Data Modeling Flashcards
When is linear regression the correct choice for data model?
When there is a linear relationship between the dependent and independent variable.
What are two ways you can check a linear regression model is the correct choice as a data model?
Run np.corrcoef(x, y1), a linear relationship is indicated by a result close to 1 or - 1.
Run plt.scatter(x, y1) and see if a linear relationship exists.
What is linear regression with multiple independent variables called?
A multiple (or multivariate) linear regression model
What is the definition of a “cost function”?
A cost function is a function that takes in the regression model and outputs a number indicating the quality of the fit. Lower costs are better than higher costs.
What is a common measure of cost function?
Sum of squared errors.
Outline workflow up until linear regression?
- Collect data
- Data study (EDA) and cleaning.
- Isolate and study relationships, how do independent variables (features) relate to dependent variables (scatter plots etc).
- Modelling
What is the convention to import statsmodel
import statsmodels.formula.api as smf
What is the syntax for running a linear regression analysis using statsmodels?
diamond_reg = smf.ols(“price ~ carat + depth + table”, data=diamonds).fit()
diamond_reg.summary()
What are the areas of interest in the summary obtained after running a linear regression analysis using statsmodels?
The “coeff” for each independent variable.
The “p” value for each independent variable (if large > 0.05 or so) the variable is not useful.
The R squared value (closer to 1 is better).
How can I use the Linear Regression analysis from statsmodels to make predictions on the data?
This creates a new column with the predicted price.
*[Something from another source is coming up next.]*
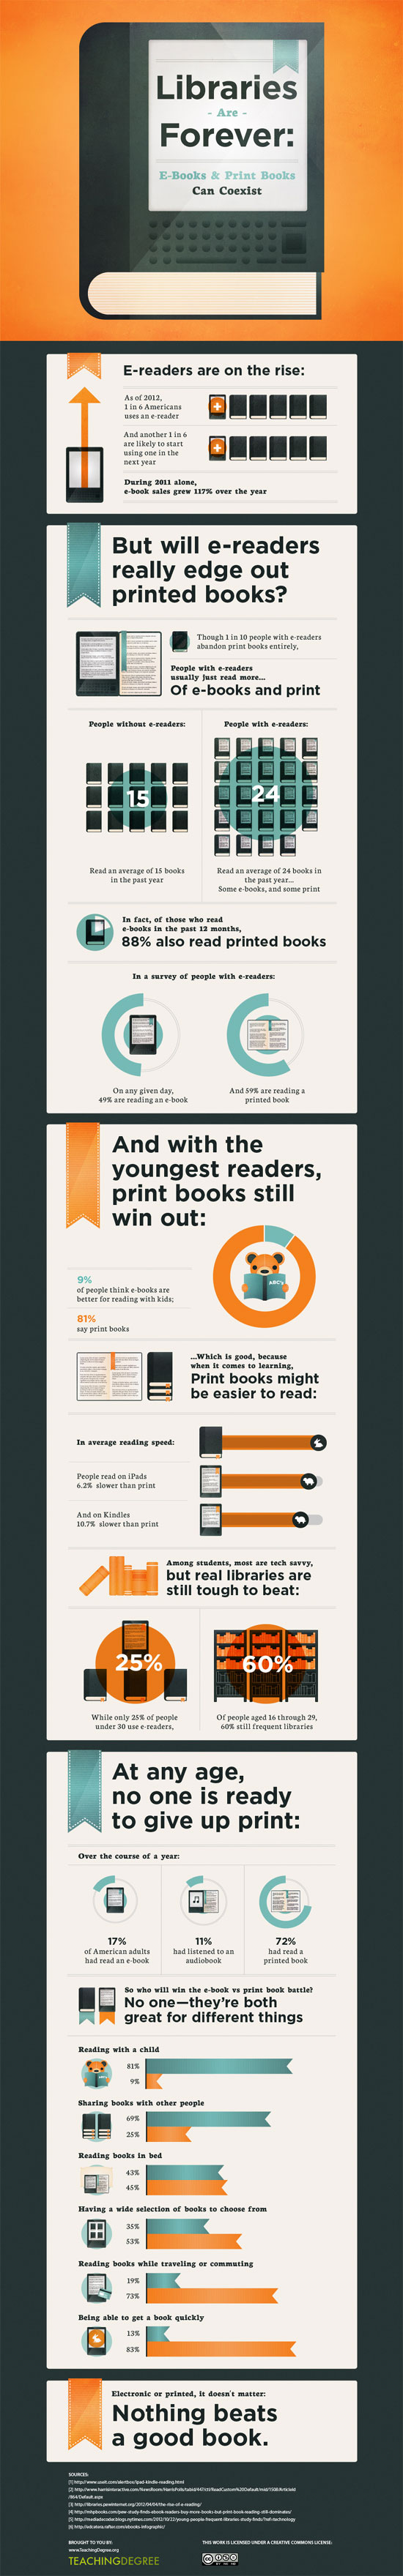 Print vs. Ebook infographic

Beware that the column names of “new_diamonds” in this case, must match the order of the independent variables passed into the linear regression analysis (.ols)
new_diamonds[‘predicted’] = diamond_reg.predict(new_diamonds)
What is residual?
The difference between a measurement and it’s model prediction.
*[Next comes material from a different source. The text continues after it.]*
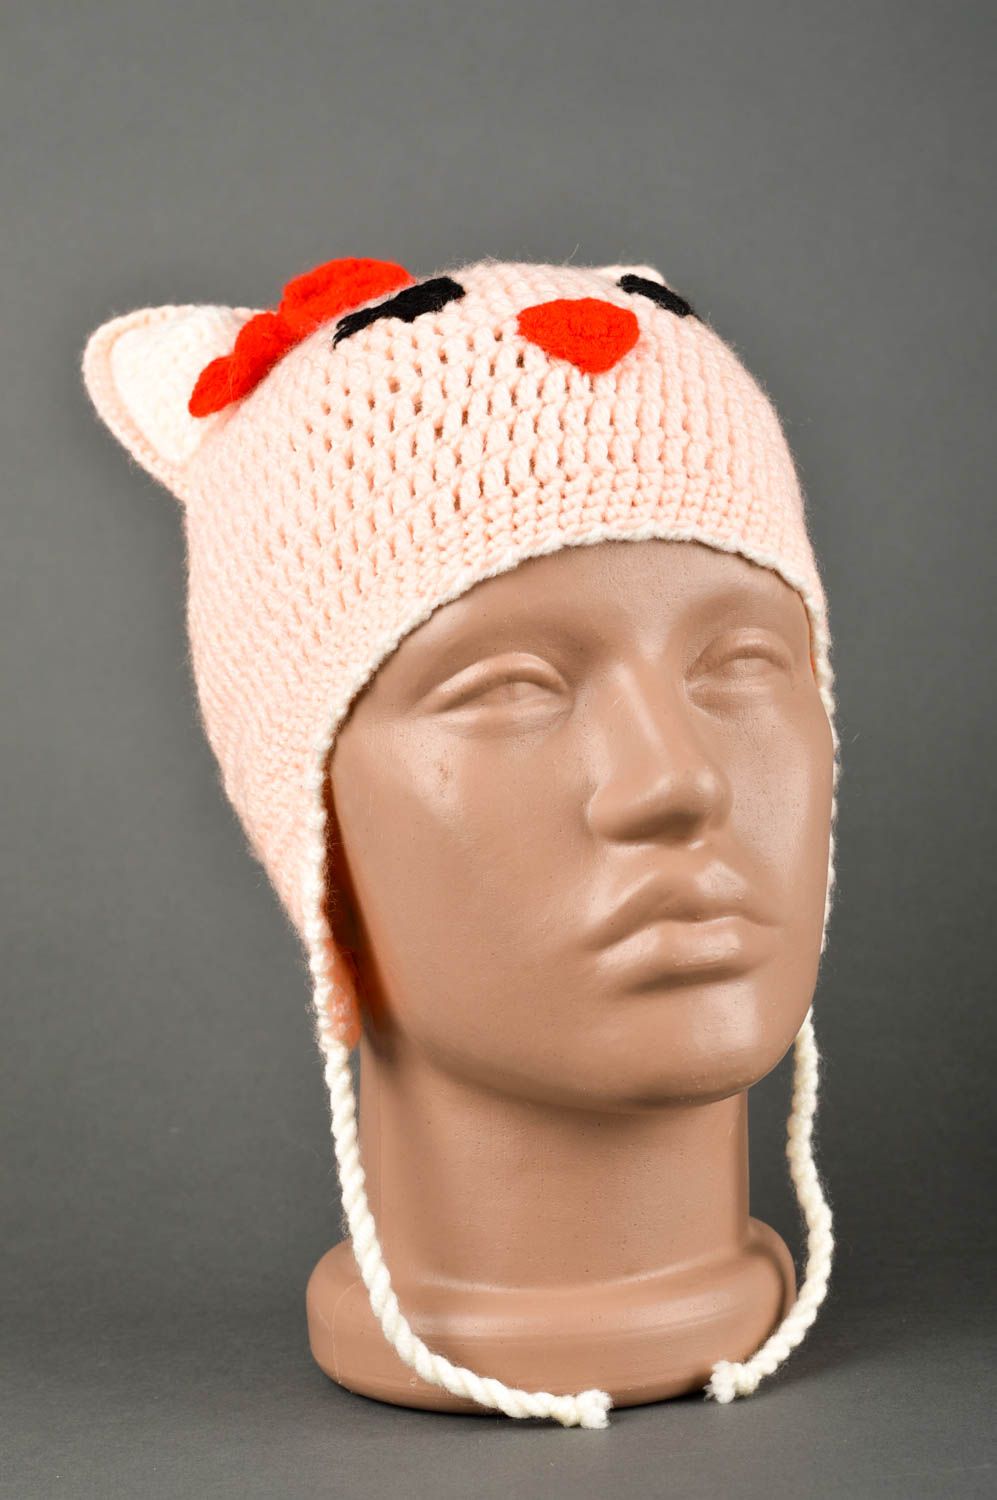 Handmade winter hat warm hat designer hat animal hat goods for children photo 1

Discuss the x axis in regression analysis.
The thing we are trying to explain.
The independent variable
Explanatory variable.
Discuss the Y axis in regression analysis
The dependent variable
Response variable
What is the gradient called on a regression analysis chart?
The regression coefficient.
What is the relationship between the Pearson coefficient, and the standard deviations of the variables and gradient (regression coefficient)?
If the standard deviations of the variables are the same, the gradient and the Pearson coefficient is the same.